**EXERCISE BRIEF**
Reproduce word for word, from the entries below, the line with "MC888 ! 立即申請，享用最神家居上網組合!", the line with "MANN-FILTER Ölfilter W 712/93 Oil Filter", and every line between them, and nothing more.

**SOURCE DATA**
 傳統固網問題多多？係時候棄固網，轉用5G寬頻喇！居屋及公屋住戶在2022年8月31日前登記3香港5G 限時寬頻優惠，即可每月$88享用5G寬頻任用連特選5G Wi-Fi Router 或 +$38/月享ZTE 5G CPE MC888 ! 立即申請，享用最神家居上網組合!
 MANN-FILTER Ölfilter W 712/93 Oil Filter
==
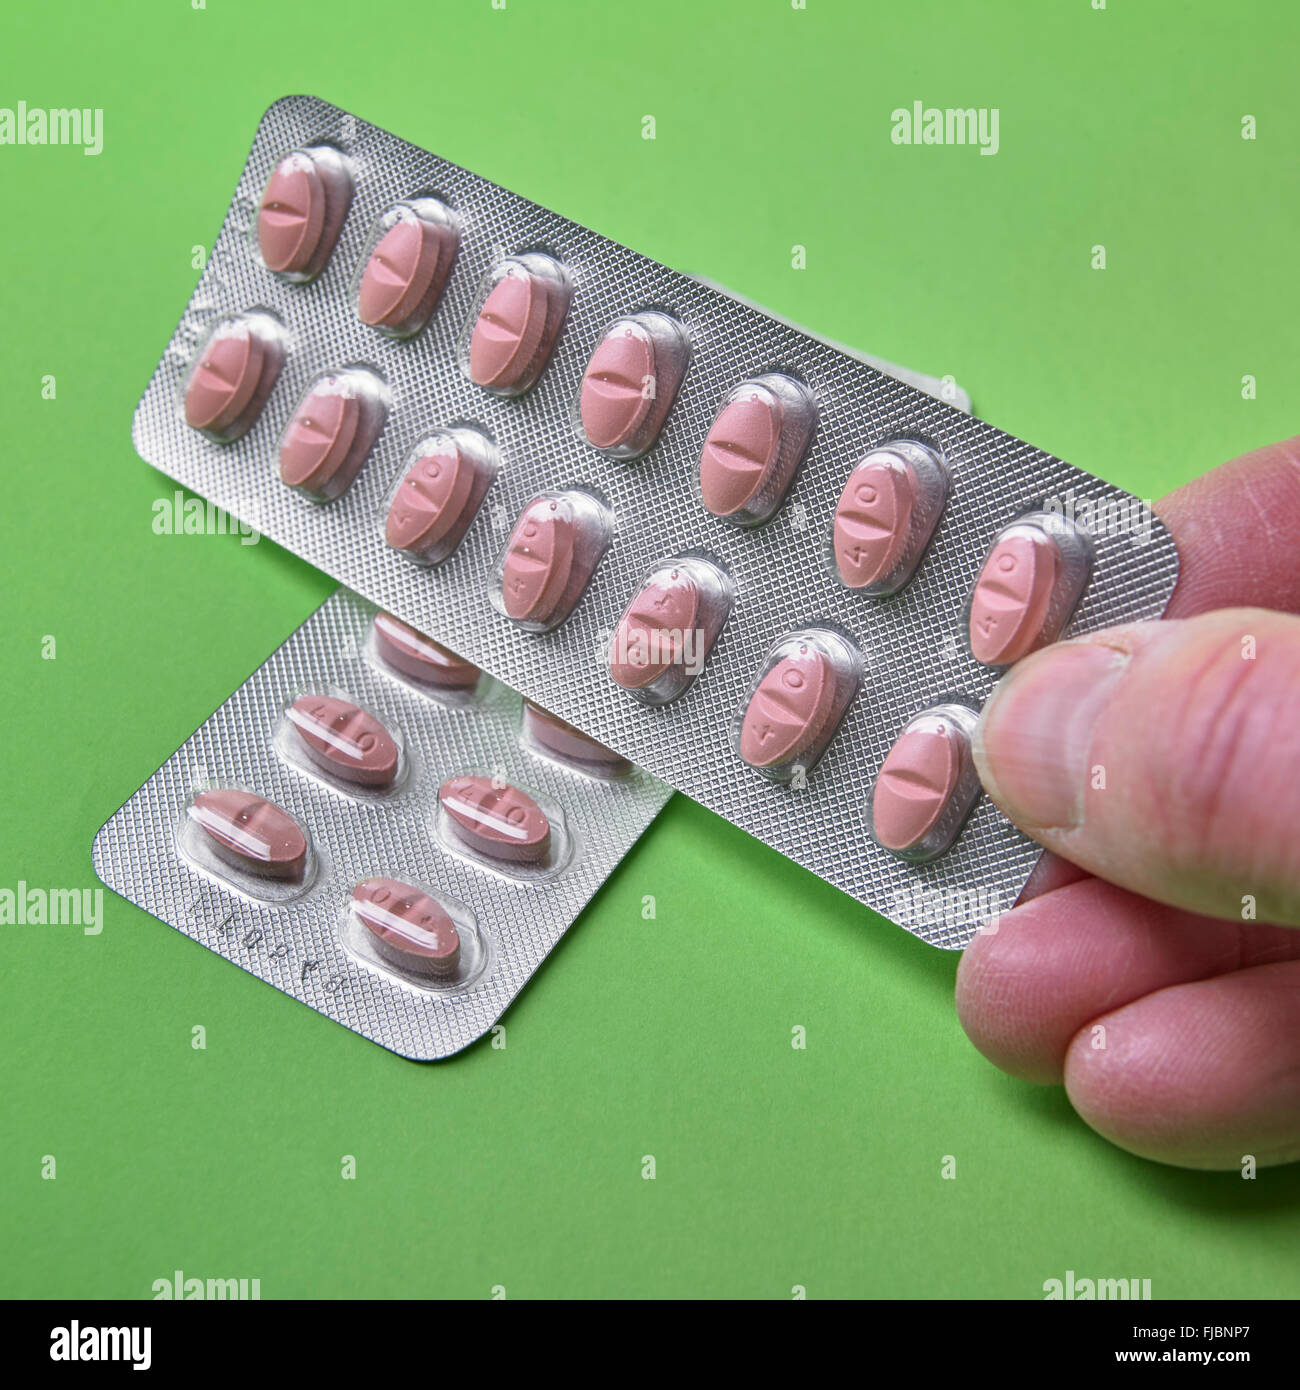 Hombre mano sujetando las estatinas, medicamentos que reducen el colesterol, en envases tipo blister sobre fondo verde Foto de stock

**TASK SOLUTION**
 傳統固網問題多多？係時候棄固網，轉用5G寬頻喇！居屋及公屋住戶在2022年8月31日前登記3香港5G 限時寬頻優惠，即可每月$88享用5G寬頻任用連特選5G Wi-Fi Router 或 +$38/月享ZTE 5G CPE MC888 ! 立即申請，享用最神家居上網組合!
 MANN-FILTER Ölfilter W 712/93 Oil Filter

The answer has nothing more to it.